The importance of the VQA approach alongside federated classification in this study is prominently highlighted by Ryo et al.⁴², who emphasized the need for incorporating social and human opinions into Artificial Intelligence. Their studies showed an abundance of research using CNN for image analysis and recurrent neural networks for time-series analysis. They suggest the use of multi-model AI, one taking data with different features such as image, audio, text, smell, etc. Therefore, VQA models pave the way for a new field of modelling as well, combining image features and text features, while being trained on data. Plant disease detection has seen the application of Natural Language Processing, with Guofeng et al.⁴³ proposing a fine-tuned BERT for question classification of common crop diseases question answering systems, and Jain et al.⁴⁴ proposing an agricultural question answering system. These are purely NLP applications, and do not take a step towards integrating image data, achieving multimodality.
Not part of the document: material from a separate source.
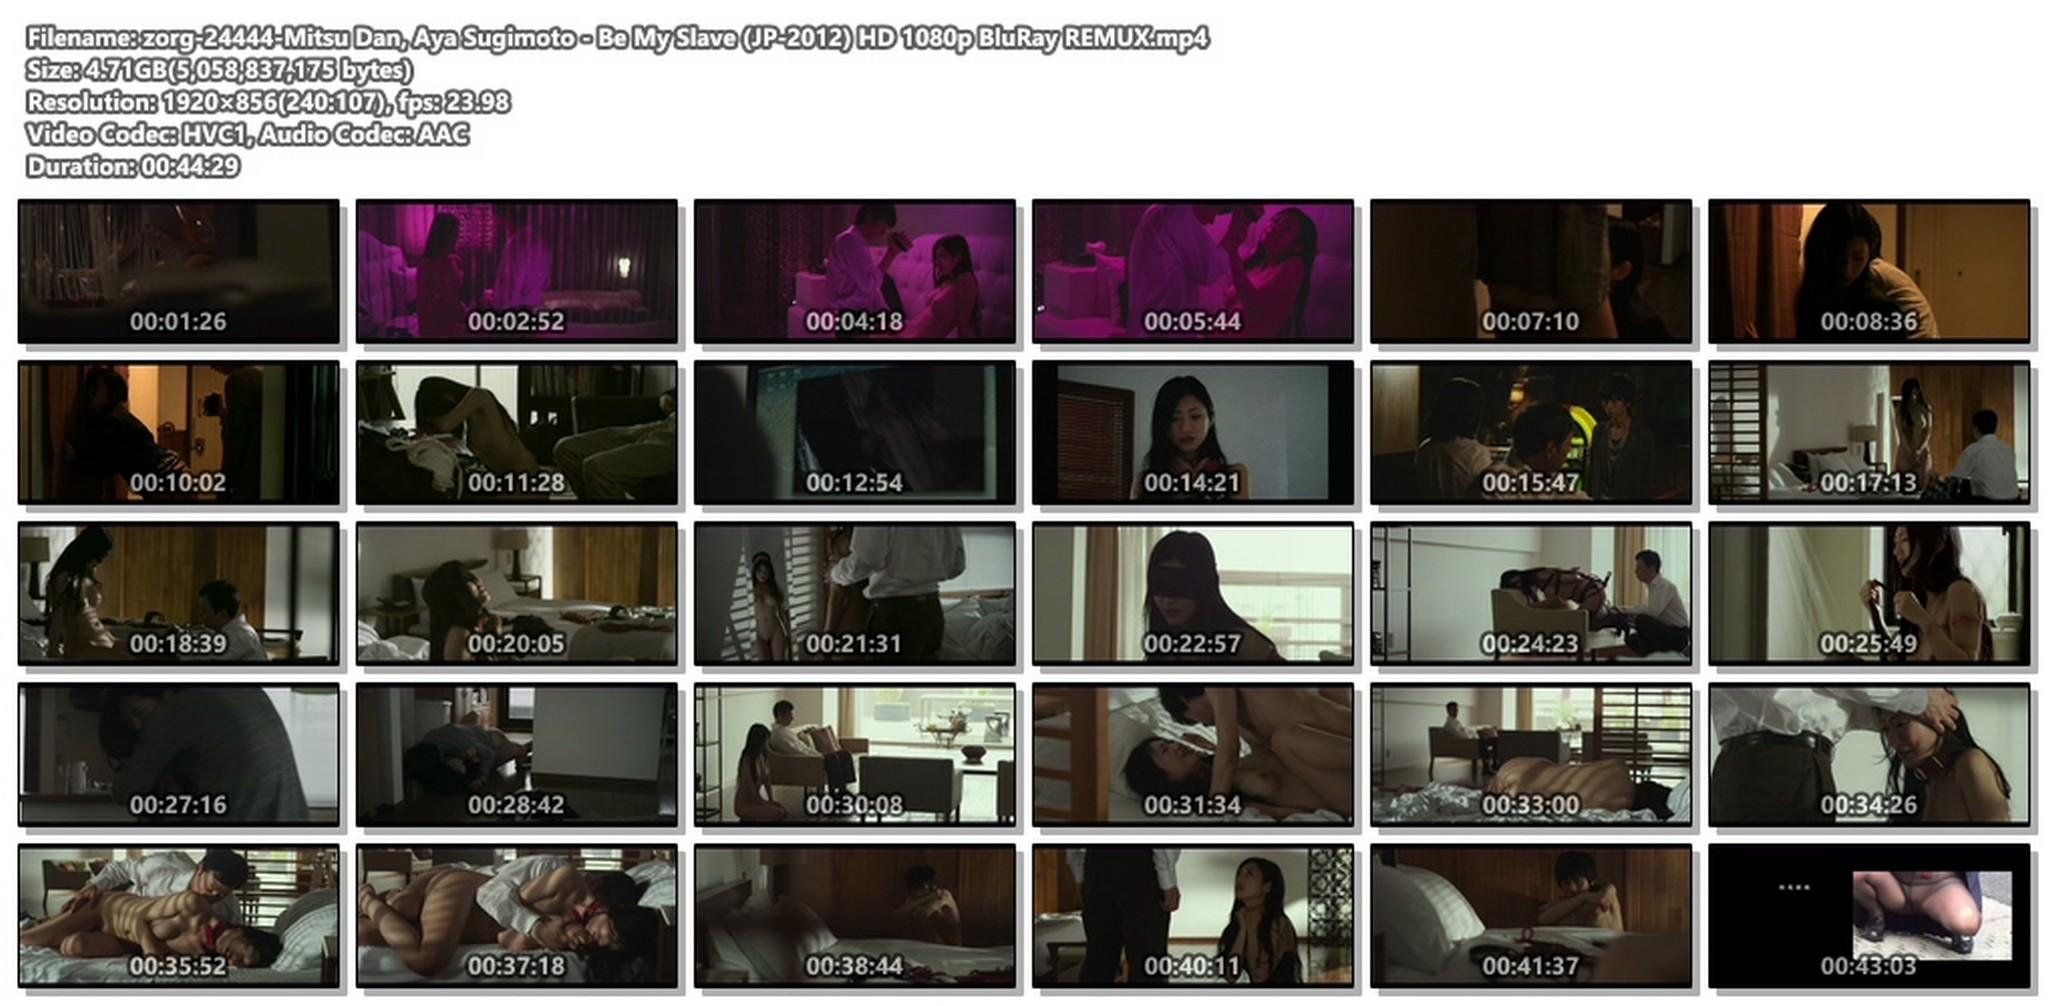 Mitsu Dan nude hot sex Be My Slave JP 2012 HD 1080p BluRay REMUX 019

Arora et al.⁴⁵ introduced Long Short-Term Memory (LSTM) Recurrent Neural Network architectures, and also applying a Convolutional Neural Network for classification, therefore achieving multimodality, which, however, is not integrated, unlike VQA models. Along similar lines, LSTMs were also applied to agriculture by Shang et al.⁴⁶ along with CNN models. Towards fruit tree disease estimation and decision making for further steps, Lan et al.⁴⁷ created a Visual Question Answering model using Tucker decomposition to fuse image features with the subsequent text features. Similarly, Lu et al.⁴⁸ worked towards a multimodal interface in agricultural disease detection by applying multimodal transformer architectures, subsequently creating a question-answering model.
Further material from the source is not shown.